Бочку внезапно тряхнуло так, что дно и крышка снова поменялись местами. Мы вдвоём полетели в сторону дна; хорошо, что подушки успели первыми и смягчили падение. Тяжесть ещё увеличилась, я опять, как на старте, не мог пошевелить ни рукой, ни ногой, и к тому же лежал в неудобной позе - на животе, с головой, повёрнутой вбок. Единственное преимущество - я мог видеть императора. Какое-то время я утешал себя этим, а потом у меня начала затекать шея. В этот момент император, тоже лежавший на животе, пошевелился - попытался перевернуться, и ему это, пусть с некоторым трудом, удалось. Вслед за ним и я перекатился на спину, несмотря на то, что скафандр мешал двигаться: он почему-то раздулся, и сгибать руки и ноги удавалось с трудом.
Над нами в крышке я увидел третий иллюминатор. Звёзды в нём описывали круги, а в тех, что по бокам, их почти не было видно из-за какого-то красноватого свечения. Этот свет был гораздо ярче, чем тот синевато-зелёный, что освещал бочку до выстрела; я отчётливо видел дыру от пули в крышке, рядом с краем. Похоже, пуля снесла жестяной колпак, который накрывал бочку сверху.

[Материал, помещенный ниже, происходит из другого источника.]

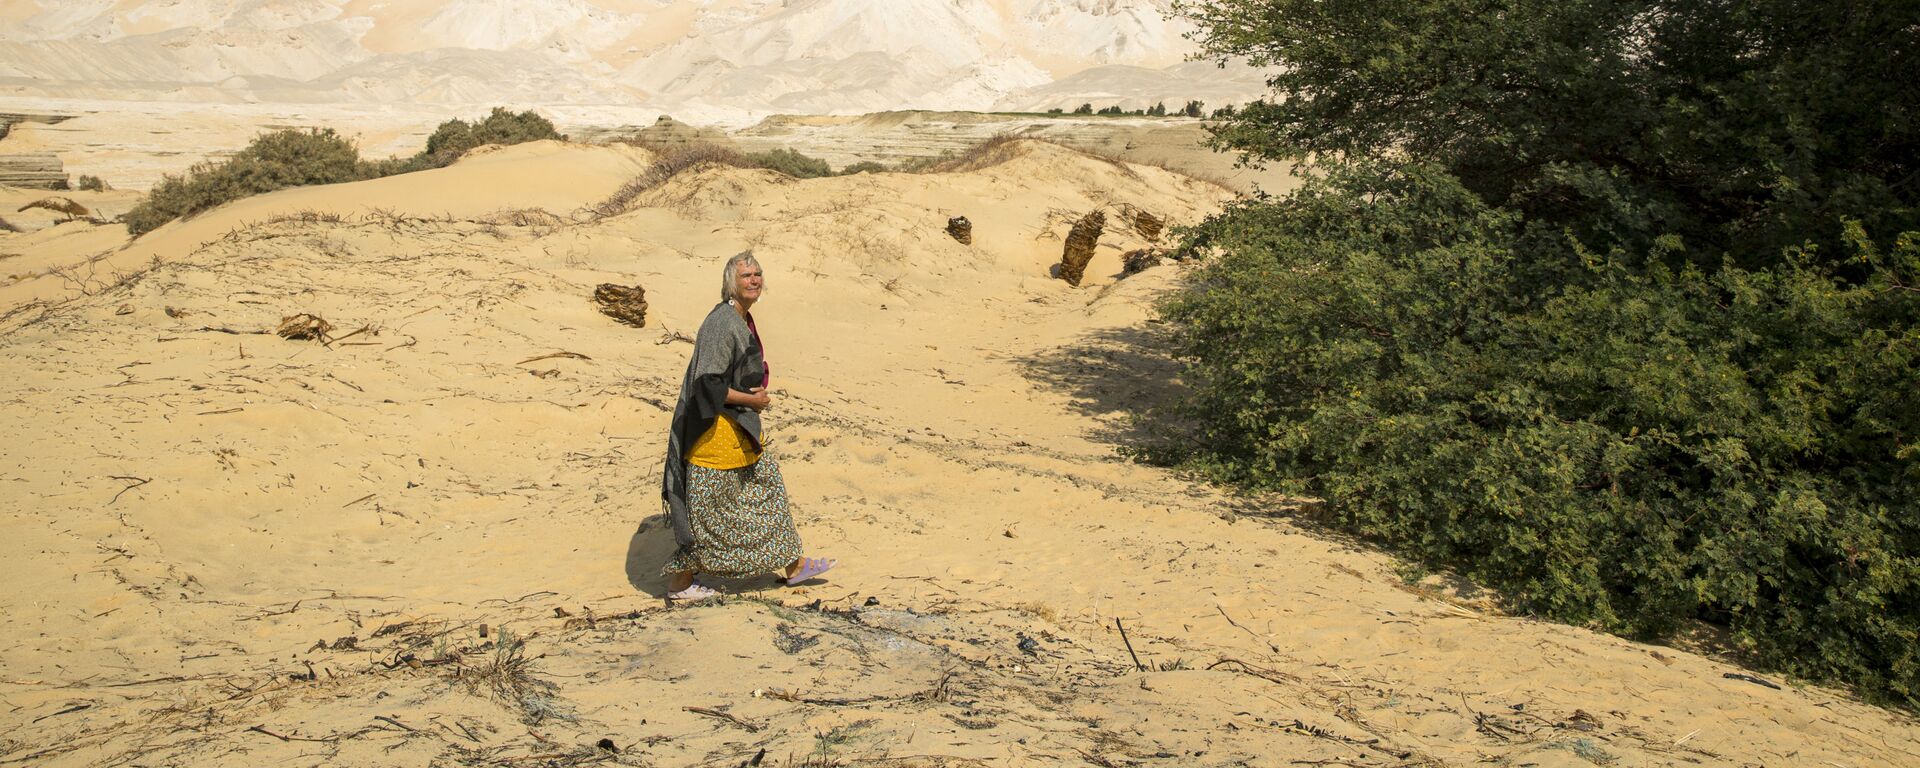 72-летняя немка Фридель Браун во дворе своего дома в Бир-эль-Джабале недалеко от оазиса в пустыне Дахла, Египет - Sputnik Армения, 1920, 17.02.2021

- Мы падаем, - услышал я голос императора; оказалось, он опять придвинулся своим шлемом к моему. Только так мы могли теперь разговаривать.
- Что это за свет? - спросил я.
- То, о чем предупреждал механик. Сопротивление воздуха нагревает бочку. Наверное, она снаружи уже горит.

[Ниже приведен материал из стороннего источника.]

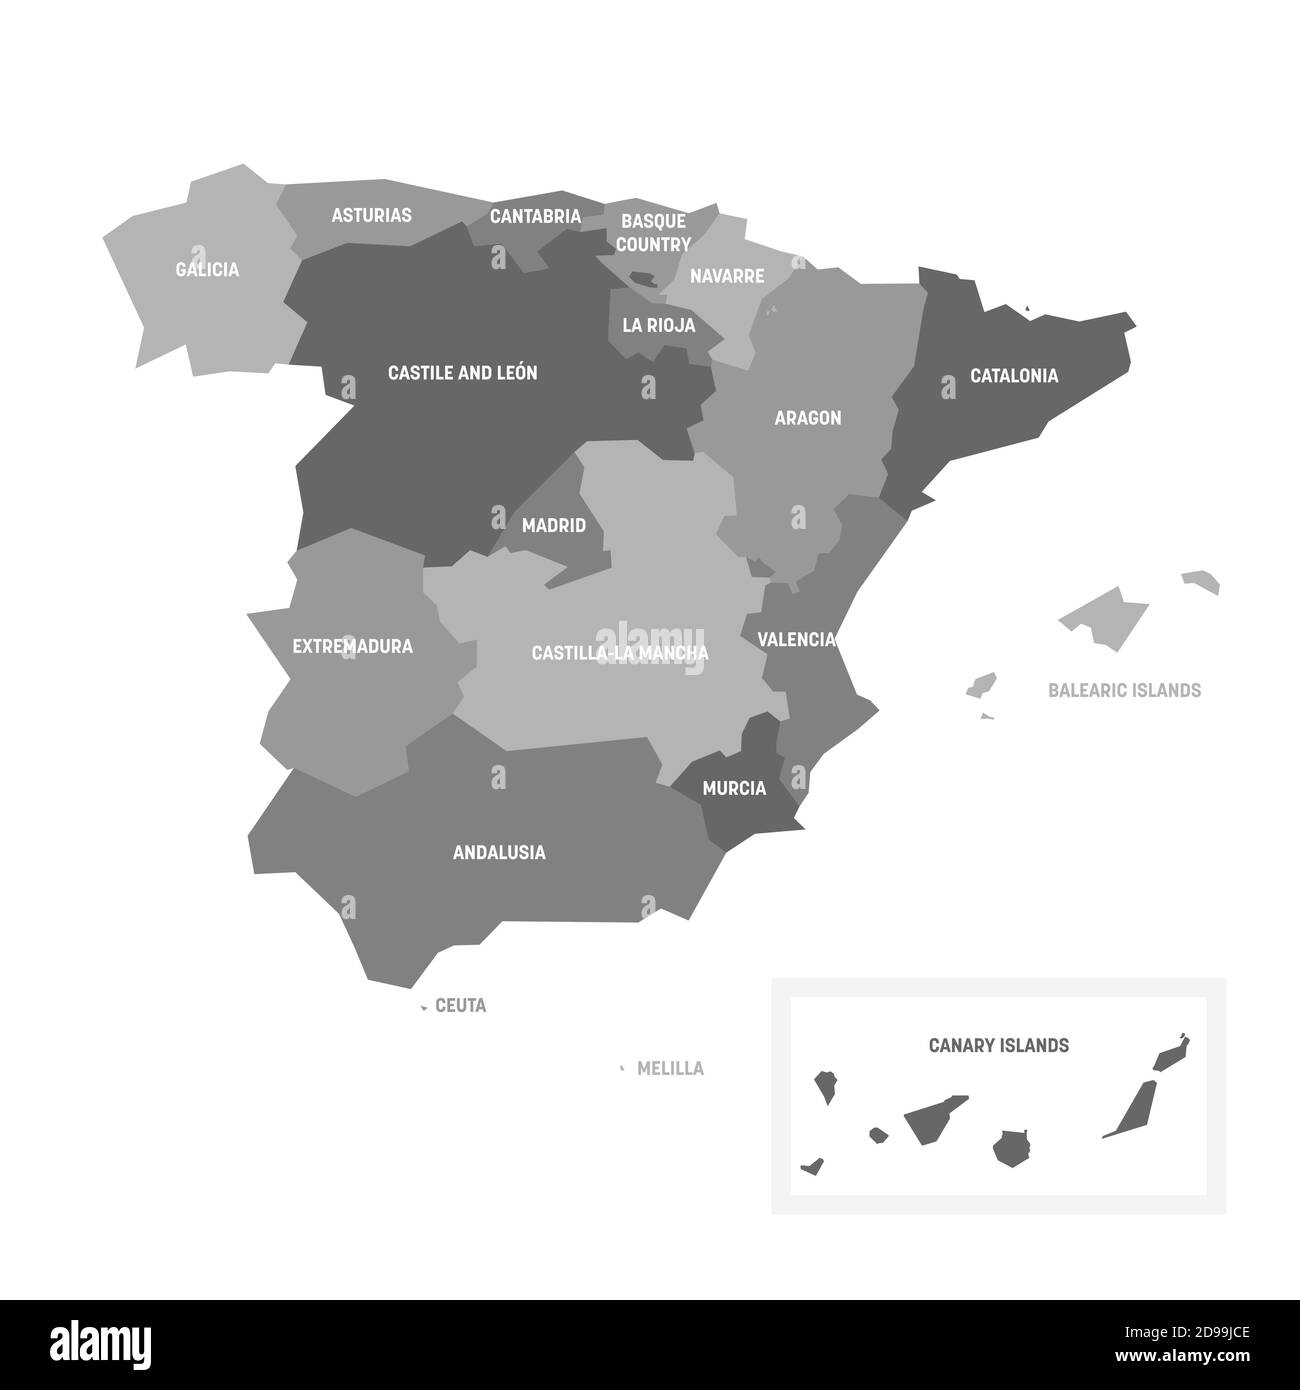 Mappa politica grigia della Spagna. Divisioni amministrative - comunità autonome. Semplice mappa vettoriale piatta con etichette. Illustrazione Vettoriale

- О господи! Не хватало только, чтобы мы сгорели здесь, взаперти!
- Скорее взорвёмся. Там, под дном, у меня ещё запас пороха.
Император говорил это с удивительным спокойствием, я же был почти вне себя. Уйти от казавшегося неизбежным плена, взлететь на этой шутихе и остаться в живых, преодолеть двести сорок тысяч миль - и лишь для того, чтобы взорваться у самой цели на предусмотрительно взятом с собой порохе!

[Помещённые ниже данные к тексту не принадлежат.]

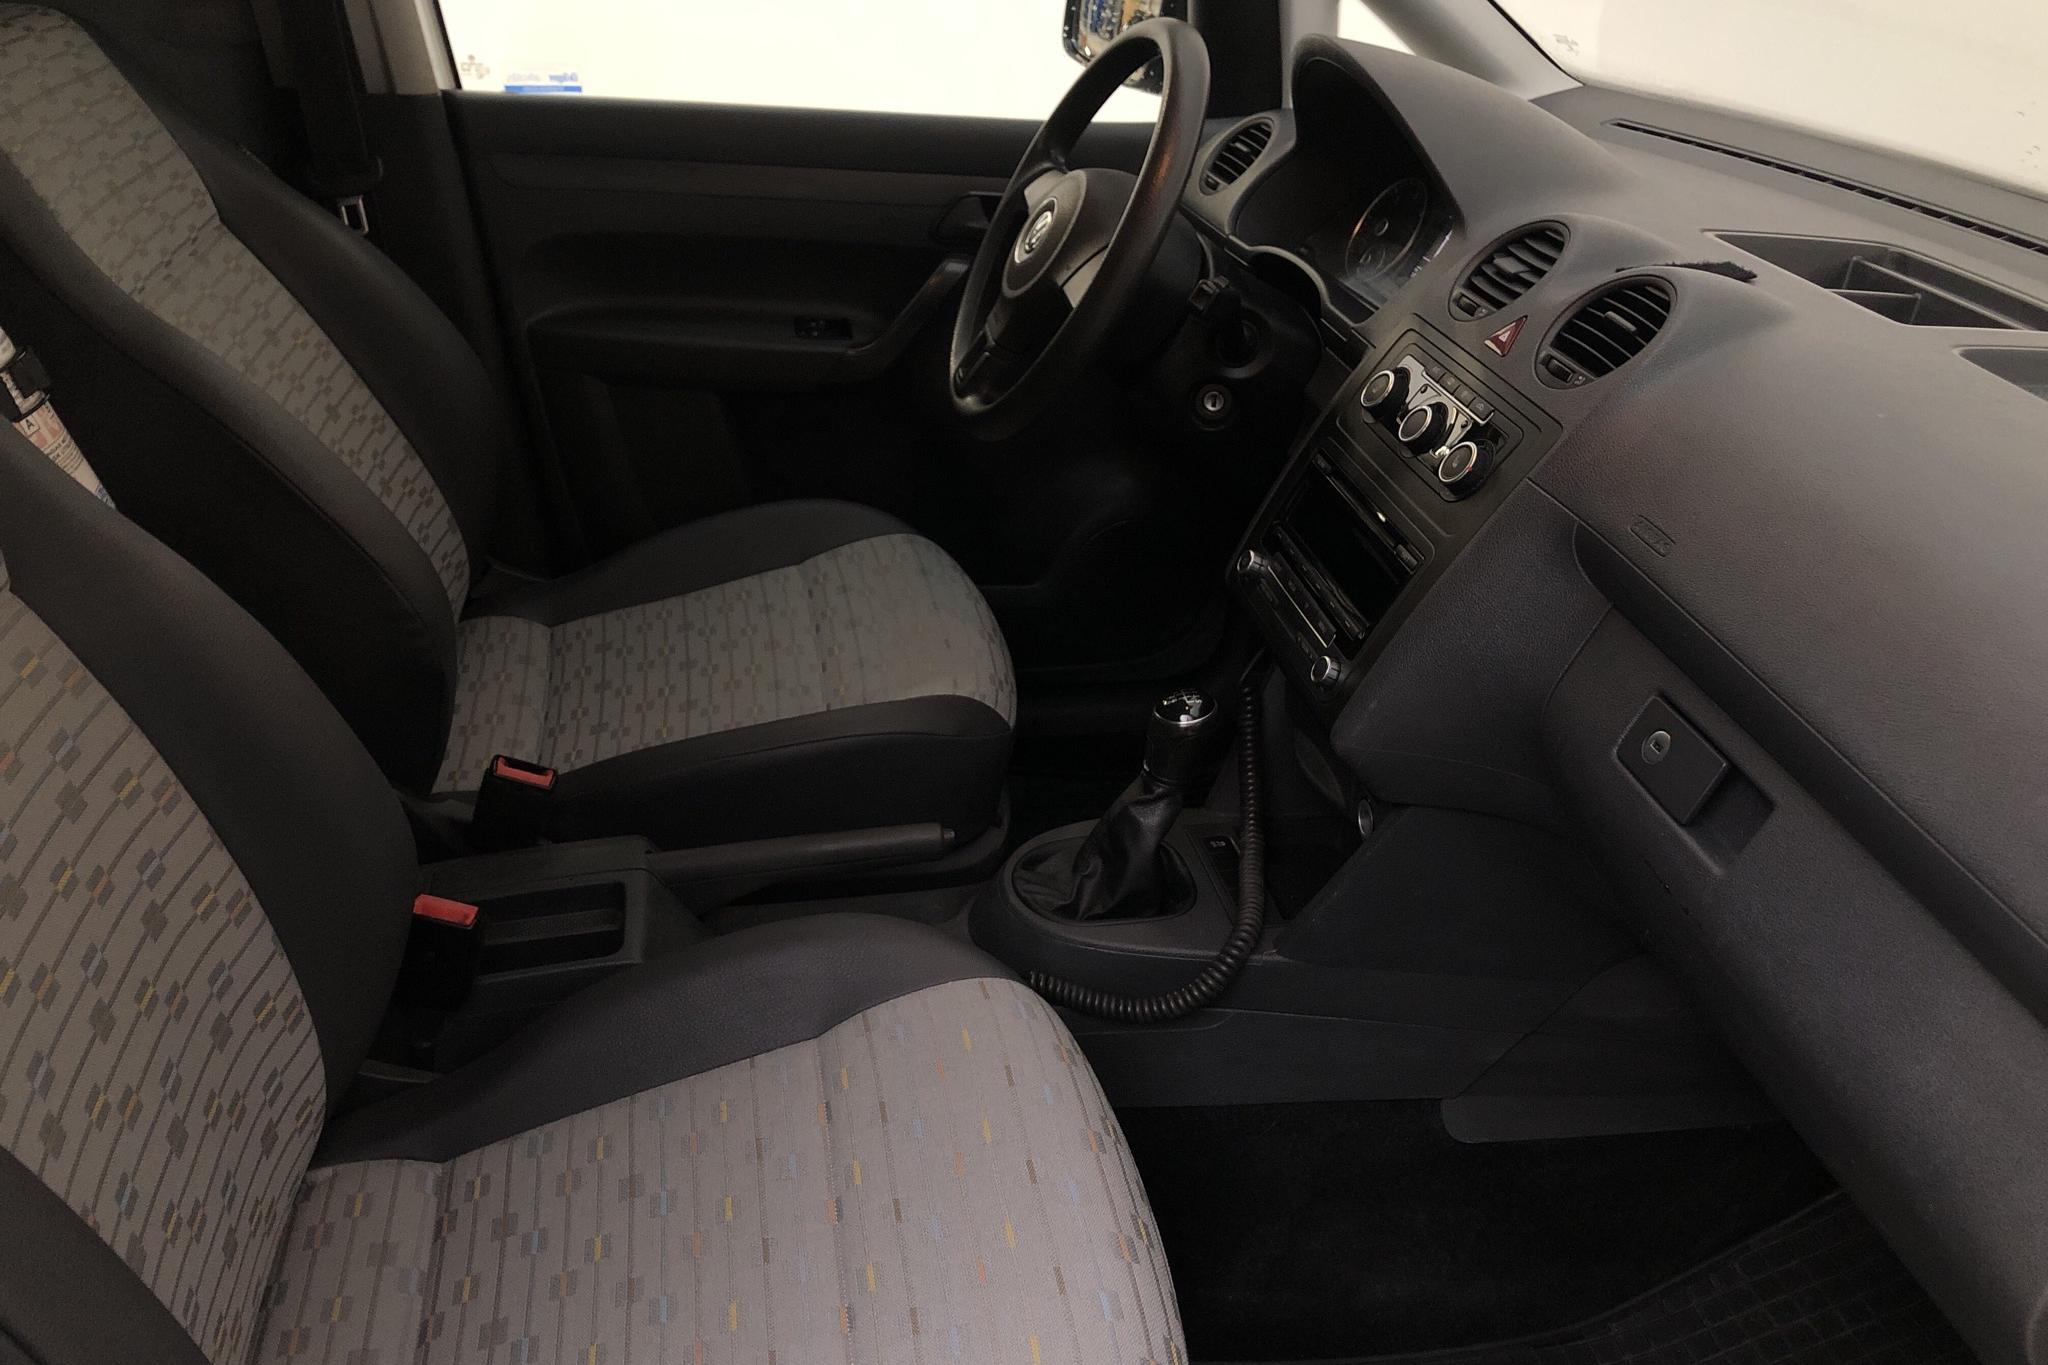 VW Caddy 1.6 TDI Maxi Skåp (102hk) - 14 934 mil - Manuell - vit - 2014

- Большой запас? - спросил я, чтобы хоть что-то спросить.
- Нам хватит... Жерар, видите эти кольца?!
По изменившемуся тону я понял, что император увидел проблеск надежды. Он вытянул руку в сторону крышки бочки, и я, посмотрев туда, обнаружил три кольца, висящие вокруг иллюминатора.
- Надо вытянуть одно из них, - сказал император, - тогда раскроется парашют. Мне не дотянуться.
Я с трудом поднялся на ноги, стараясь не смотреть в иллюминаторы, чтобы не закружилась голова. Император немного помог - лёжа на подушках, упёрся рукой мне в ягодицу. Я ухватился за кольцо двумя руками и, падая, потянул его вниз.
Привязанная к кольцу верёвка вытянулась на пару футов, не больше. Я повис, держась за кольцо, а через секунду бочку рвануло с такой силой, что верёвка лопнула, и я упал на подушки. Одна из них тоже лопнула.
- Сорвало. Вытяните второе, - приказал император, и всё повторилось, только теперь я успел увидеть в верхнем иллюминаторе, как на секунду-другую над нами развернулось широкое светлое полотнище. Потом его рвануло вбок, бочка качнулась, и нас с императором бросило в противоположную сторону.
- Тащите третье, - приказал император.
- Последнее? - спросил я.
- Да. Тяните, вон уже пламя видно.
В боковых иллюминаторах действительно плясали языки пламени; мне показалось, что даже через шлем я чувствую запах горящего дерева.
Я снова с помощью императора поднялся, взялся руками за кольцо и рванул его вниз. Бочку опять дёрнуло, правда, верёвка на этот раз выдержала, зато мои руки разжались, я упал на подушки и снова увидел над нами полотнище парашюта. Секунды шли одна за другой, парашют не исчезал, и я совершенно явственно чувствовал, как замедляется наше падение.
А пламя в иллюминаторах разгоралось всё ярче, я уже видел его отсветы на обращённой к нам стороне парашюта, и даже отверстие от пули как будто начало светиться.
- Первые два парашюта погасили скорость, - сказал император, - потому и третий не сорвался. Обидно будет, если стропы перегорят.
Я догадывался, что стропы - это те верёвки, на которых бочка висит под парашютом, но не успел переспросить. Одновременно произошли сразу несколько событий.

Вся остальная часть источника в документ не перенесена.